§ **PROBLEM REQUIREMENTS**:
Without including any pictures, reproduce the full listing exactly.

§ **DATA SHOWN**:

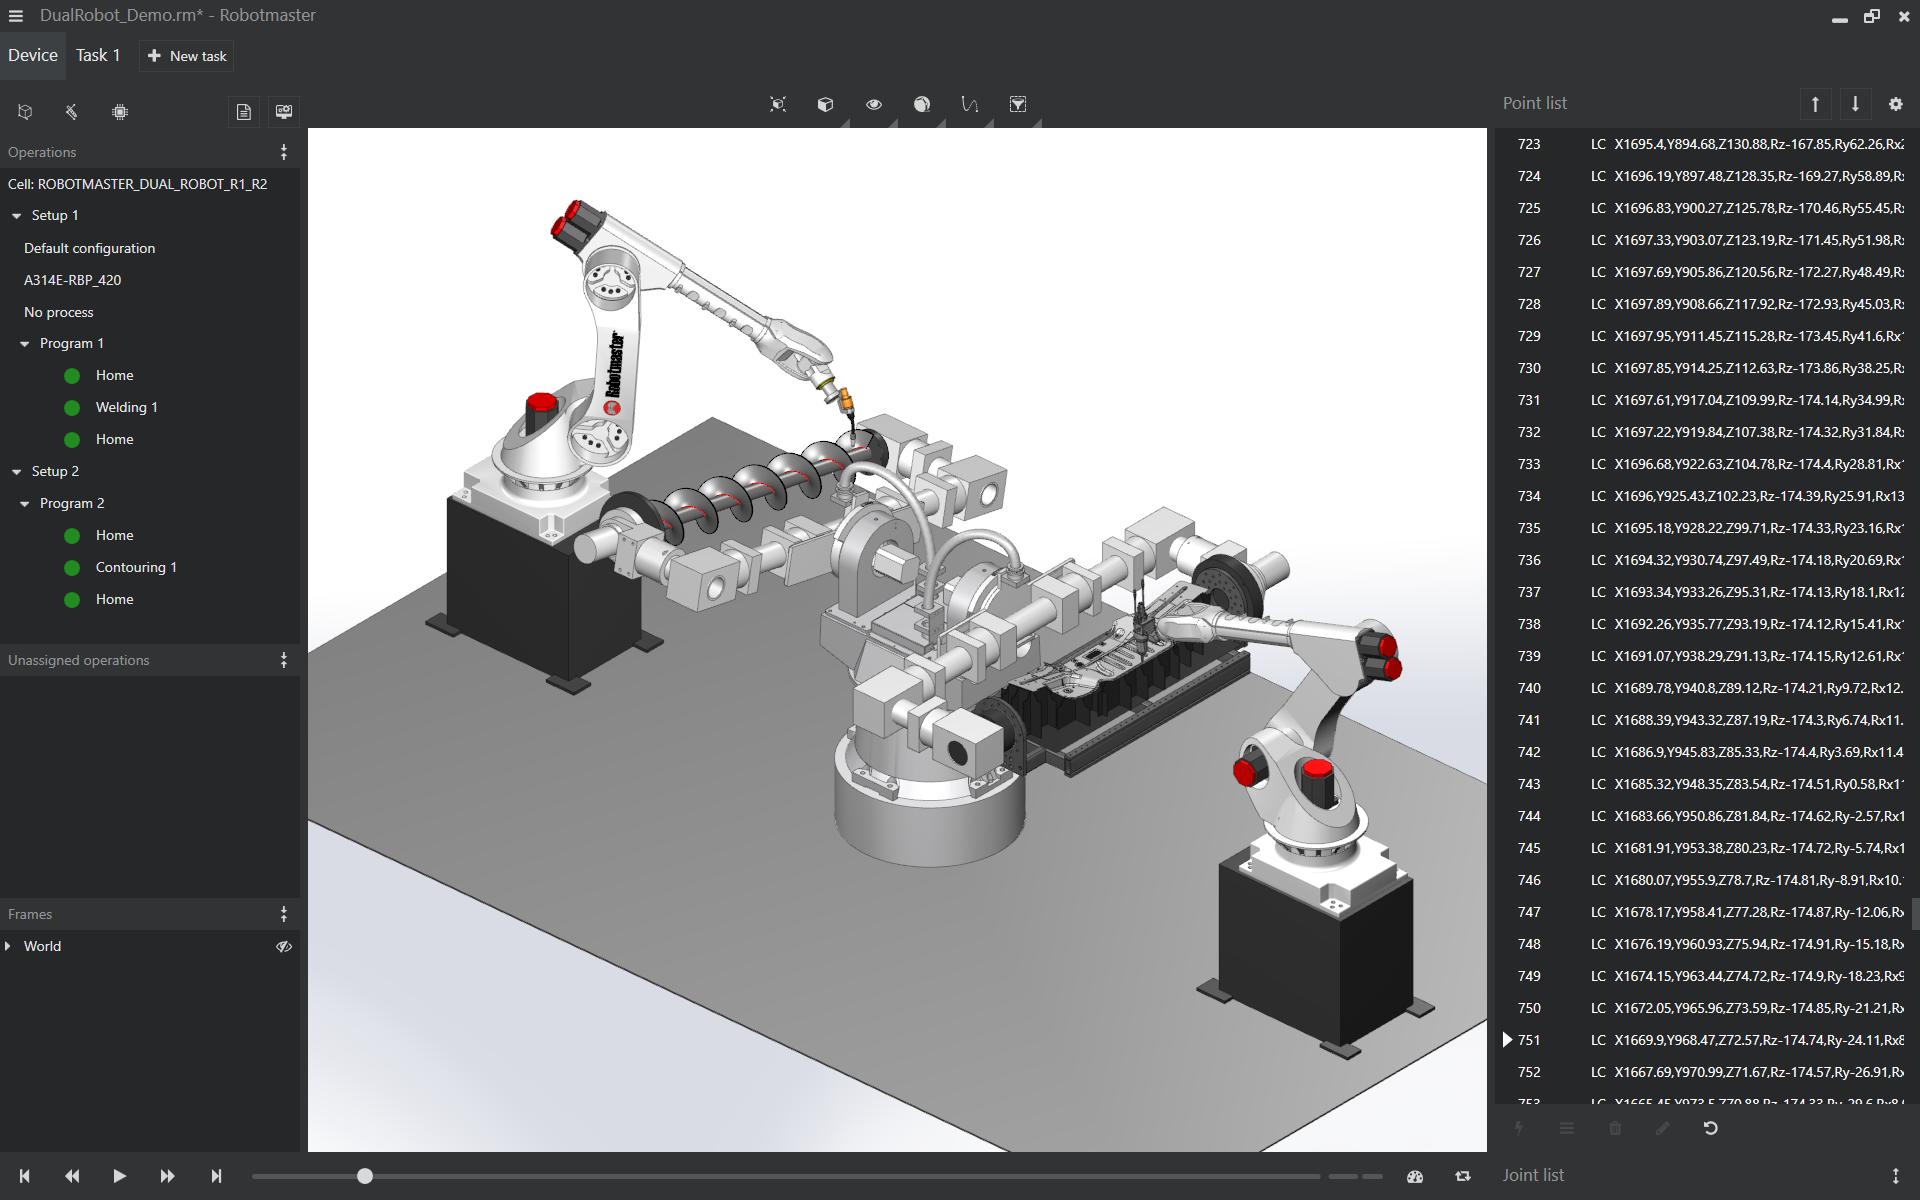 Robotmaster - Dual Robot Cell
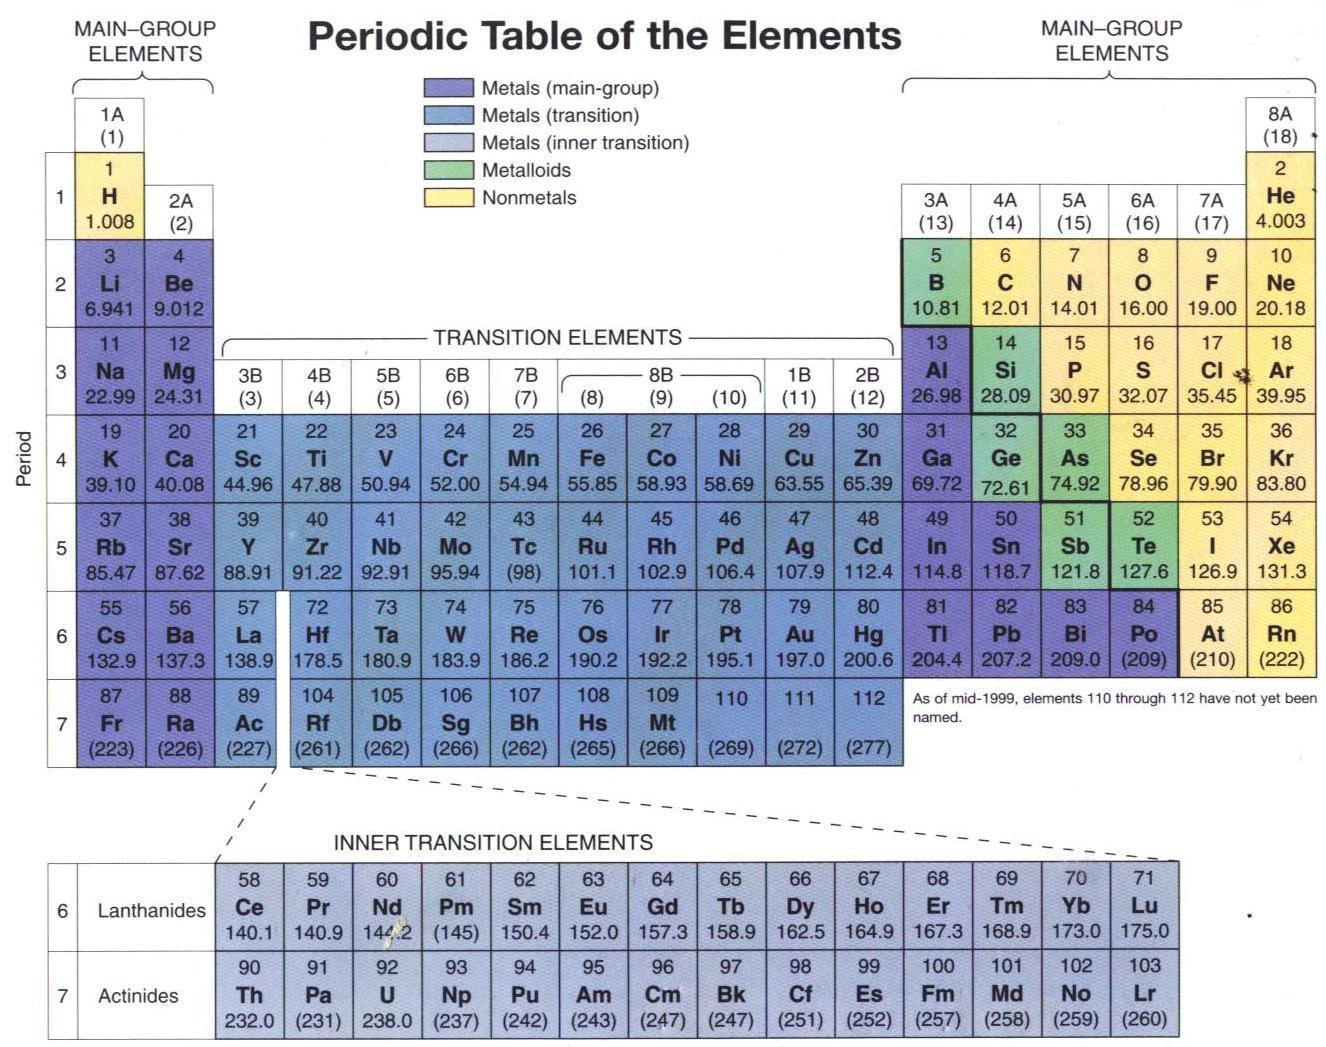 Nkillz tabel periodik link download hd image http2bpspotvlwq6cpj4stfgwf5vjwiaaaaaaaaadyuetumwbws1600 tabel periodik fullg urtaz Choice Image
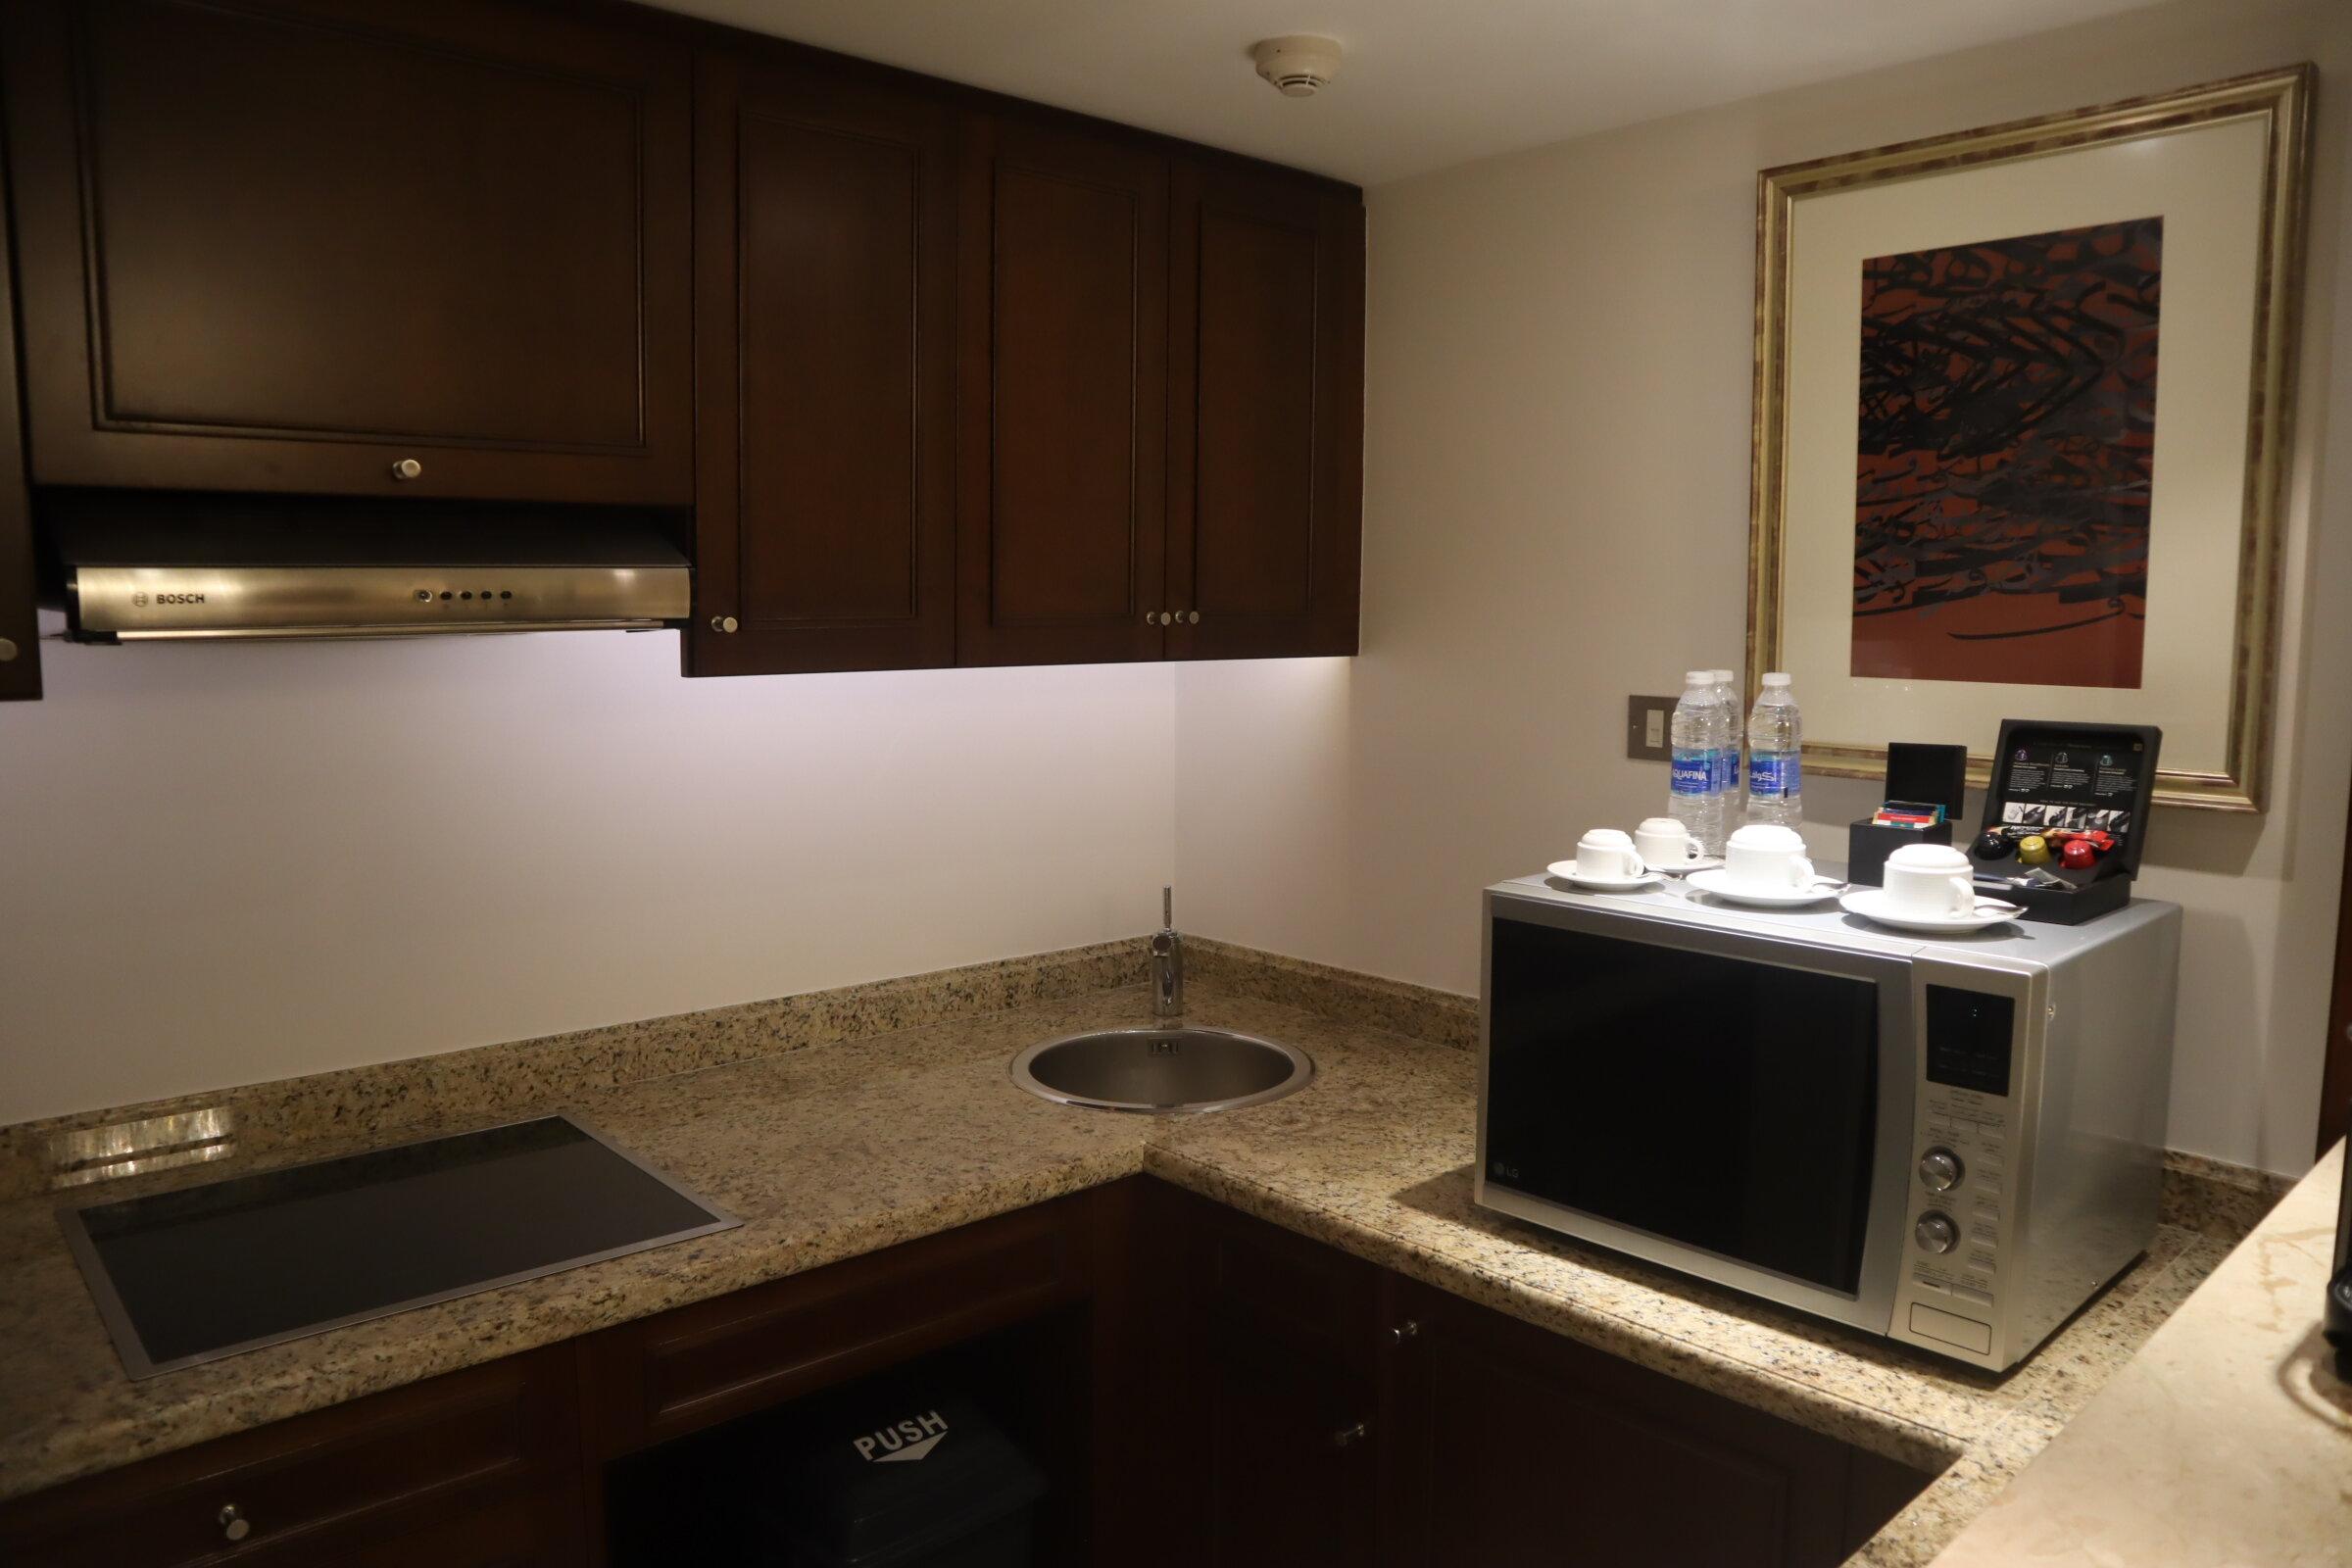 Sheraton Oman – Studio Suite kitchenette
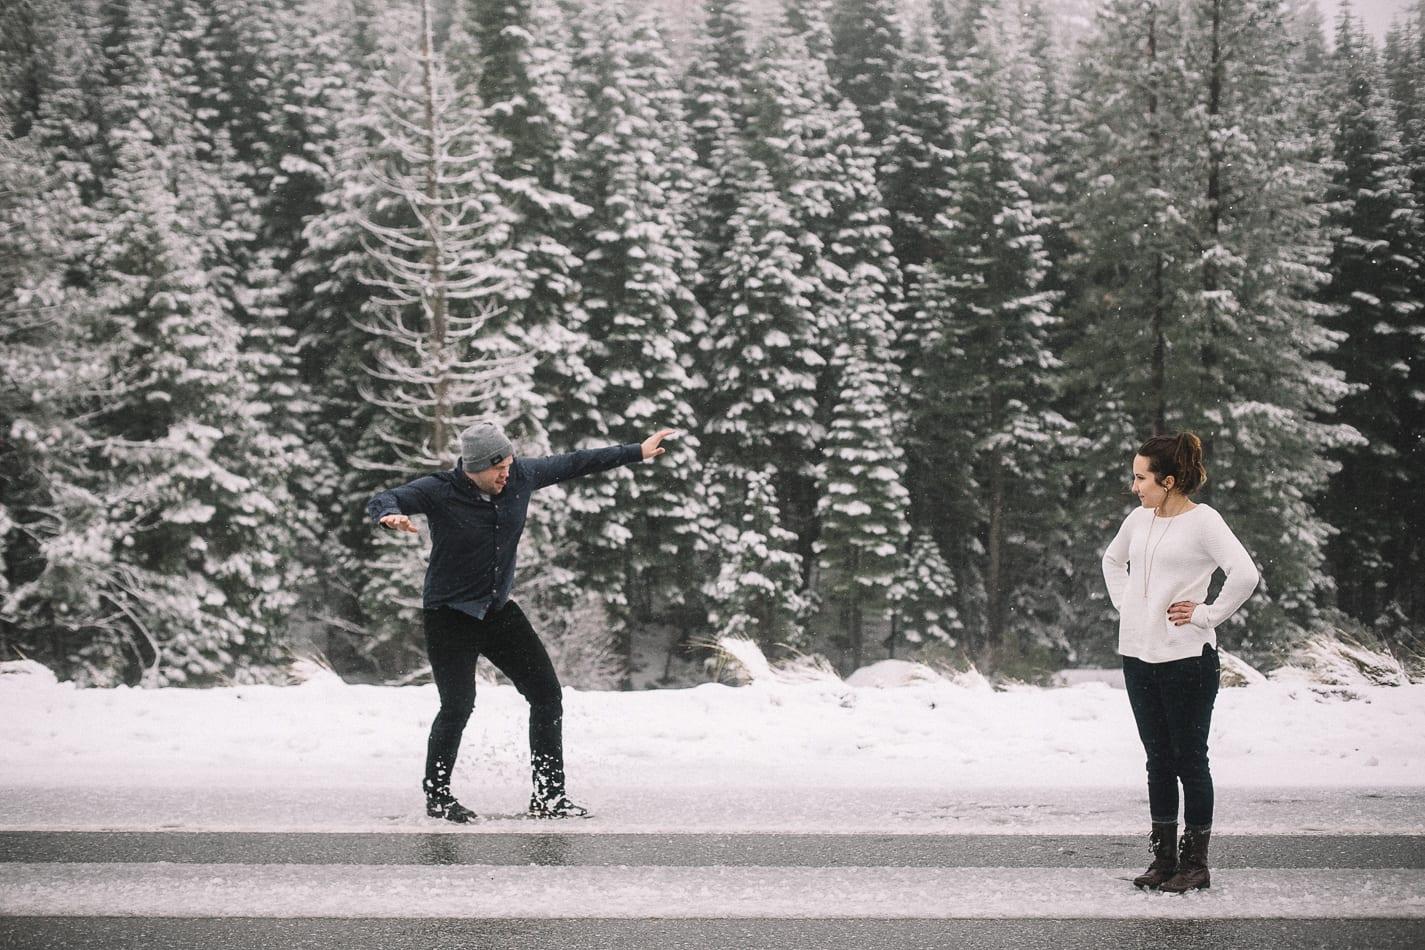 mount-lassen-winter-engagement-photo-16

§ **SOLUTION FOR THIS TASK**:
 Robotmaster - Dual Robot Cell
 Nkillz tabel periodik link download hd image http2bpspotvlwq6cpj4stfgwf5vjwiaaaaaaaaadyuetumwbws1600 tabel periodik fullg urtaz Choice Image
 Sheraton Oman – Studio Suite kitchenette
 mount-lassen-winter-engagement-photo-16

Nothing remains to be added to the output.